Last week, he participated in his school's rite of passage for fourth-graders: lunch duty.

"It's fun," Alex says as he sits on the lunch counter with the cleanup crew, stacking trays with his plastic glove-encased feet. "It's fun to help."

Alex adapts. As a baby, he didn't crawl — he scooted on his bottom. His parents, Jenny and Jeff Brotherson, used to wince when he was learning to walk. Without arms, Alex can't break a fall. He often banged his head.

But when he started school, his kindergarten teacher had her son teach Alex how to fall like a soccer player, to the side, so he doesn't get hurt, his mom says. He wears a helmet when he goes out to play.

His mom is surprised Primary Children's Medical Center hasn't named a wing after him, with all his bumps, bruises and concussions, many suffered while proving a point.

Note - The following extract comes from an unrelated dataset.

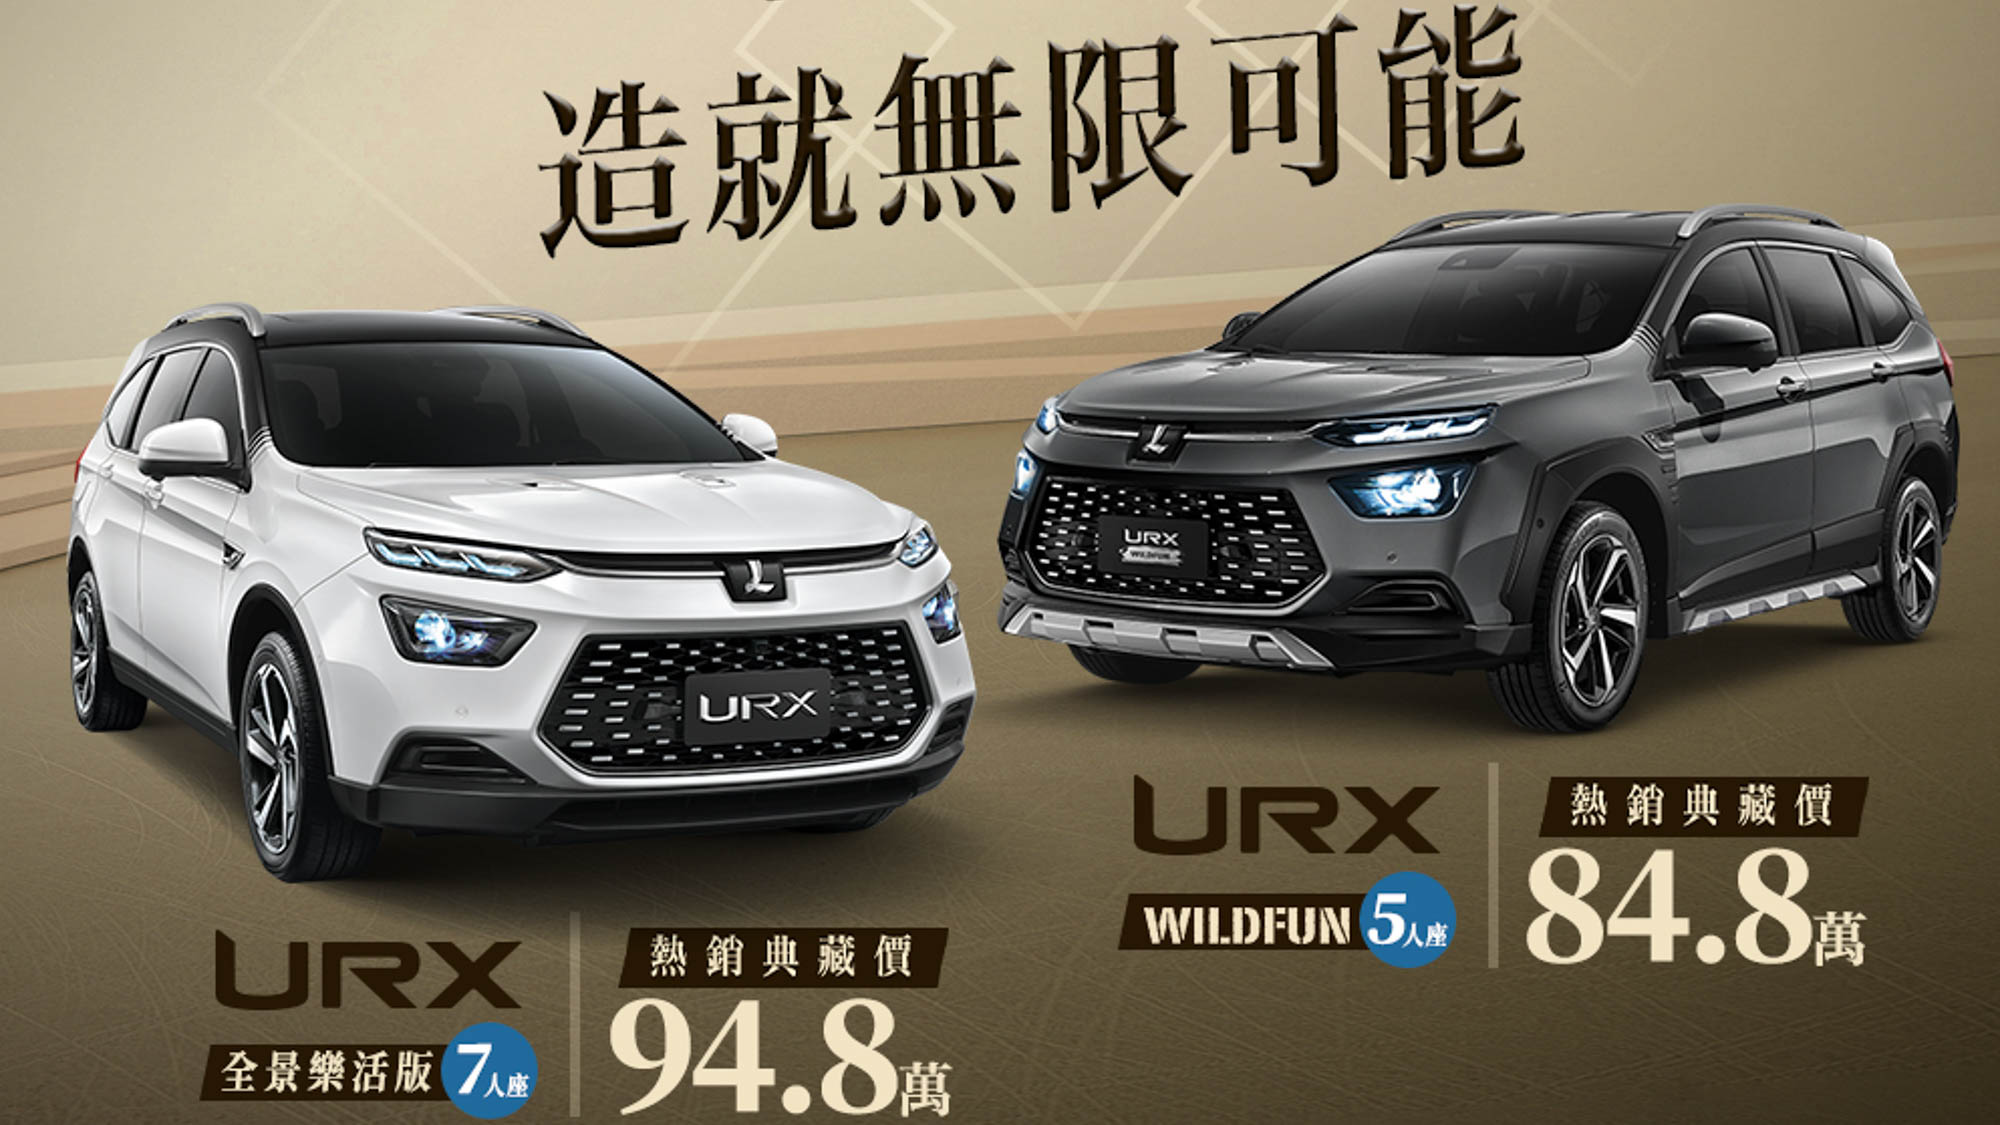 ▲ Luxgen URX「典藏價」最低 84.8 萬限量追加 200 台

"He would not be as far as he is if he weren't ... out to prove somebody wrong," says Cindy Rogers, a Granite School District occupational therapist who has worked with Alex since he was in kindergarten. "He uses his toes like they were fingers — he can put his shoes and socks on faster than you and I. I had heard he played baseball and all this stuff, and I thought, yeah right. But he does."

He climbs on a step stool-like chair in the lunchroom. He washes his feet with a baby wipe, then uses his toes to unwrap and plunge straws into juice boxes, eat a sandwich or pick up Cheetos. At home, he sits on the counter top to do dishes when it's his turn.

His classroom chair is higher than his desk, so he's not wrenching his hips to do schoolwork. He's also learning to use the computer via Morse code. He types code with foot pedals, which the Darci computer program translates into letters. That, Rogers believes, will protect his hips and back, while allowing him to become computer proficient.

But on other stuff, Alex wants no exception.